What interests me about the initial starboard roll, is that if you follow the sequence through to the eventual departure at TOC the motion of the aircraft in the roll axis seems phugoid, which, if that was the case, would imply an instability in roll.

It's very tenuous for several reasons: whatever is occurring in roll we assume the crew are trying to correct it, whilst at the same time possibly dealing with something else (so could merely be a side effect of that); there isn't enough video to reveal the period of the first roll; any upset in roll would be reacted to by the crew, so therefore the timings would be altered; the dashcam camera introduces its own aspect parallax as mentioned by somebody else on here.

Despite the lack of information from the video to make this idea as compelling as the load shift view, if you watch what is going on in roll closely, from that initial recovery from starboard, then to port then back to starboard at the stall, the timing of what is occurring does fit in with an instability issue.

In other words we shouldn't rule out the possibility this aircraft may have had no issues with loading at all, but may have had an unexpected instability in roll from the moment it got airborne. This could also distract the PF from calling for gear up, and with the aircraft committing most of its energy to the climb at V2+10 continued instability in the roll is going to gradually erode the forward speed in the climb, especially if the instability is absolute, leading to greater roll deviations each time, and greater forward speed deviation, exacerbating the issue into the stall.

I can hear people shouting "But what about the pitch angle" - I'm not convinced about that either. It is not as simple as people think to work this out using trig, trust me, give me a camera and I can make any one of you guys look thin. The fact is we think its a steep climb angle because it stalls and we think this must obviously be due to climb angle, which must obviously be due to load, right?

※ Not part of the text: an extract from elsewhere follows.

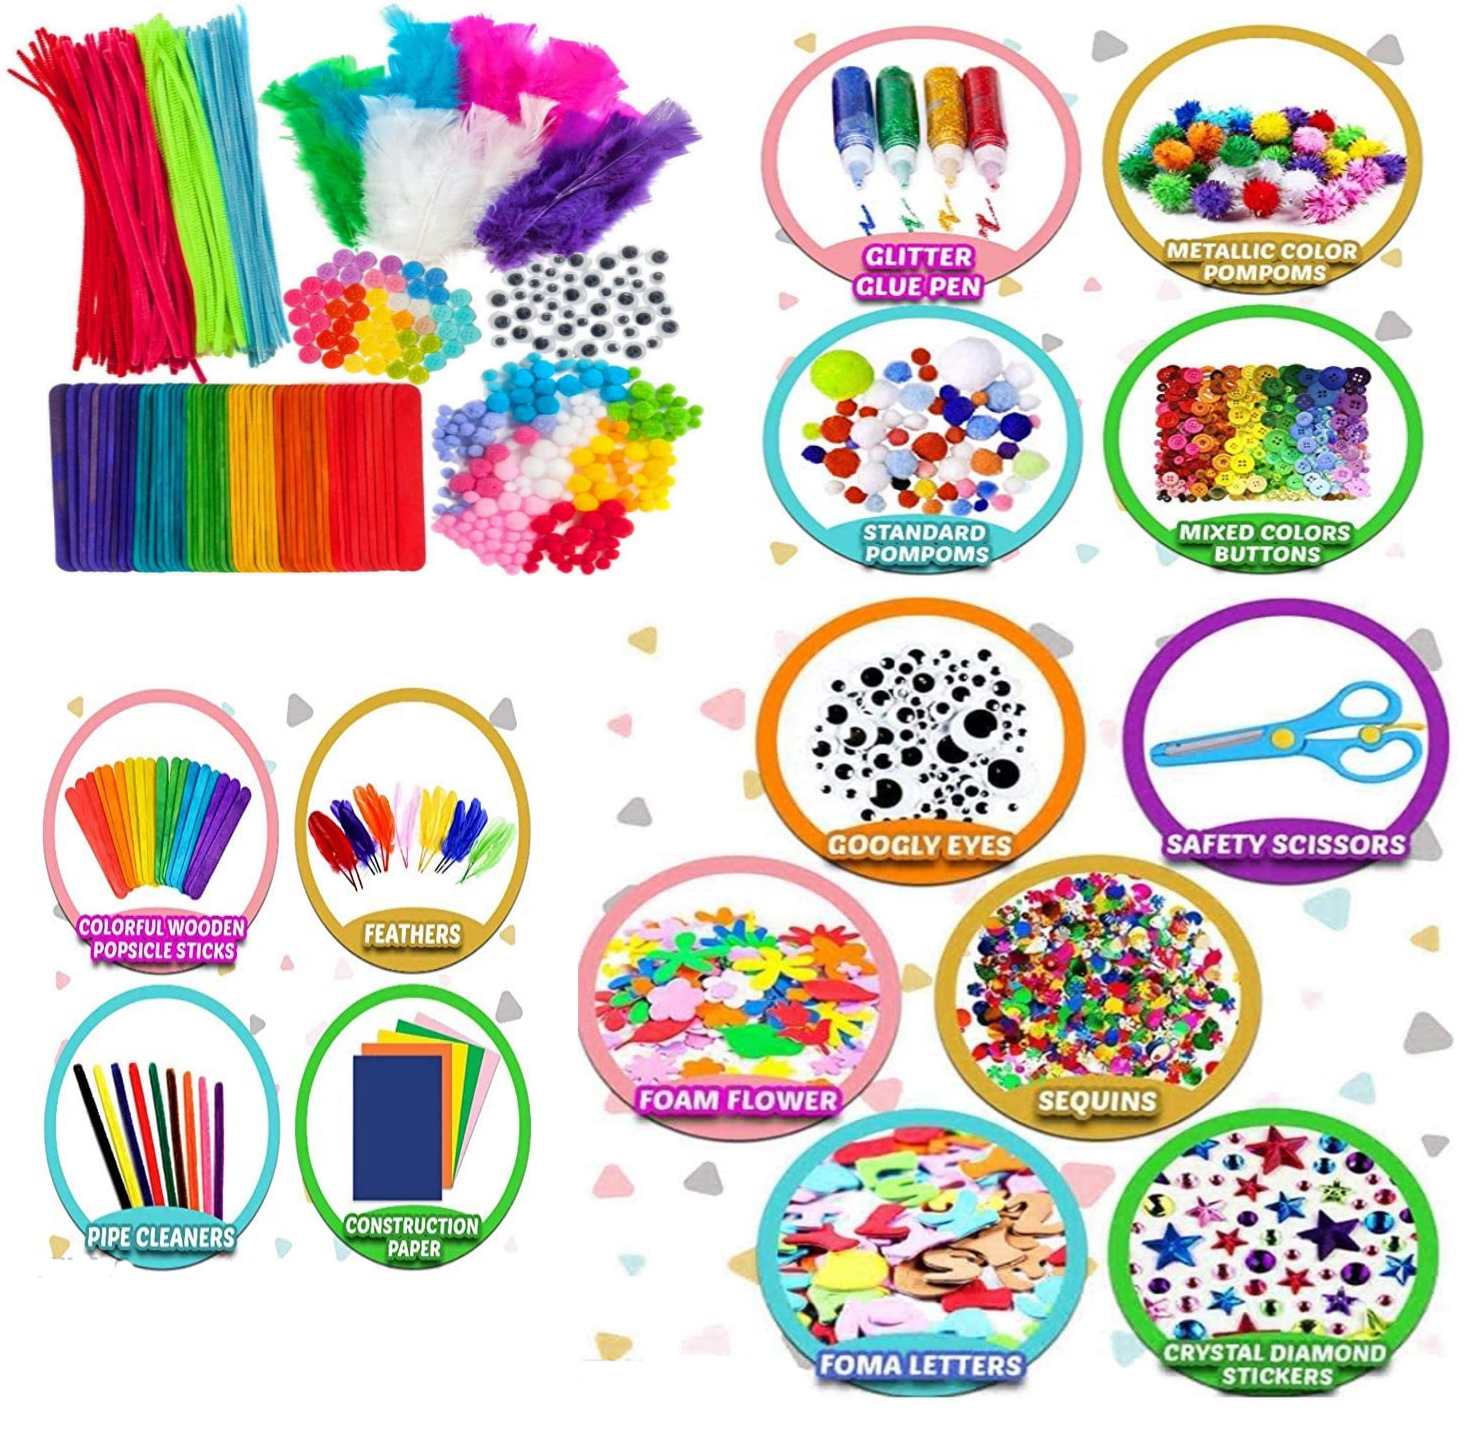 1000PCS Arts and Crafts Supplies for Kids Toddler DIY Art Craft Kits Crafting Materials Toys Set for School Home Projects Craft Supplies

By this point we already have Human Factors "Confirmation Bias" going on. Next time you are at an airport with some time to kill - go stand about a mile upwind of the departure runway and watch them go over you, then go do the same from the downwind end and watch them climb away. Regardless of your experience, without the lateral impression of climb angle these angles give you, see how often you catch yourself thinking "Wow that's steep!".

If you watched the same video and the aircraft continued off into the sunset without any drama, you wouldn't even have noticed what you thought was too high a climb angle, because your mind would have automatically compensated for the lack of information in the angle of the shot.

That's enough psychology, but food for thought.